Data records
·····
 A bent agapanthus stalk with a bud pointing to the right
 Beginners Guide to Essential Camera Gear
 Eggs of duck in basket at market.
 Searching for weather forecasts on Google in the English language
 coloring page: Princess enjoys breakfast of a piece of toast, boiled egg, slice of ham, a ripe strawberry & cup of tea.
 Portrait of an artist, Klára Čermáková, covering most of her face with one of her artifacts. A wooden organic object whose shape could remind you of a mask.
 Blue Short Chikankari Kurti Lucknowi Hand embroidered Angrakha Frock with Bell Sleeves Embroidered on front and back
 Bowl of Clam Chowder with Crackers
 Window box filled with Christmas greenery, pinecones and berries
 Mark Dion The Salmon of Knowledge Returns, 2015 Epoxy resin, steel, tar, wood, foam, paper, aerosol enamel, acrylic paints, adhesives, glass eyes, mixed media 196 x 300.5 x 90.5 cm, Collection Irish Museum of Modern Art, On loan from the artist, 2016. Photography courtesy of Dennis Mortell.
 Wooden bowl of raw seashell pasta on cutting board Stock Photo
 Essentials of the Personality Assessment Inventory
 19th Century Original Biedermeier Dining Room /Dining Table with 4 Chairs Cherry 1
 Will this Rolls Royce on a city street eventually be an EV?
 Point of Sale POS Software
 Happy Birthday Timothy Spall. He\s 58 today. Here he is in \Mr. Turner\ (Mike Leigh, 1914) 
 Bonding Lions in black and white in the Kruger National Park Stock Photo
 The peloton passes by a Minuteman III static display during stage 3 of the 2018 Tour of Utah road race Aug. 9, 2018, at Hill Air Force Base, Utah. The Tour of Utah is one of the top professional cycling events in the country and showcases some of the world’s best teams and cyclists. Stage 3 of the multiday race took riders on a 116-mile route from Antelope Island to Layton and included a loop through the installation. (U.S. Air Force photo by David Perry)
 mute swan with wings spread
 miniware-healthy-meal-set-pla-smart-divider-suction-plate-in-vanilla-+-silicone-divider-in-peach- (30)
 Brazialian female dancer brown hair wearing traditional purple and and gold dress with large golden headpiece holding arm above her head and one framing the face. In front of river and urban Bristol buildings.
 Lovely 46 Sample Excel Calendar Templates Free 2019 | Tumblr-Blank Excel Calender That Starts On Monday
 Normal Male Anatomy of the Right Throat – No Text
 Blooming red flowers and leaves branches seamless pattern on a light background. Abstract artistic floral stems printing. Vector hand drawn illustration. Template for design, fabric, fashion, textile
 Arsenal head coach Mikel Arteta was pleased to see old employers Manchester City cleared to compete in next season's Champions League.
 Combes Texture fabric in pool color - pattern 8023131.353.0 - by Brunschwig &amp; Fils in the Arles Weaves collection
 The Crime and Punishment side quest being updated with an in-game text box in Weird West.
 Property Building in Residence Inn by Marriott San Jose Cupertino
·····
EXERCISE AIM
What are the lines from the one with "The Crime and" through the end of the entries? Give them again exactly, both end lines included.

ANSWER TO THE PROBLEM
 The Crime and Punishment side quest being updated with an in-game text box in Weird West.
 Property Building in Residence Inn by Marriott San Jose Cupertino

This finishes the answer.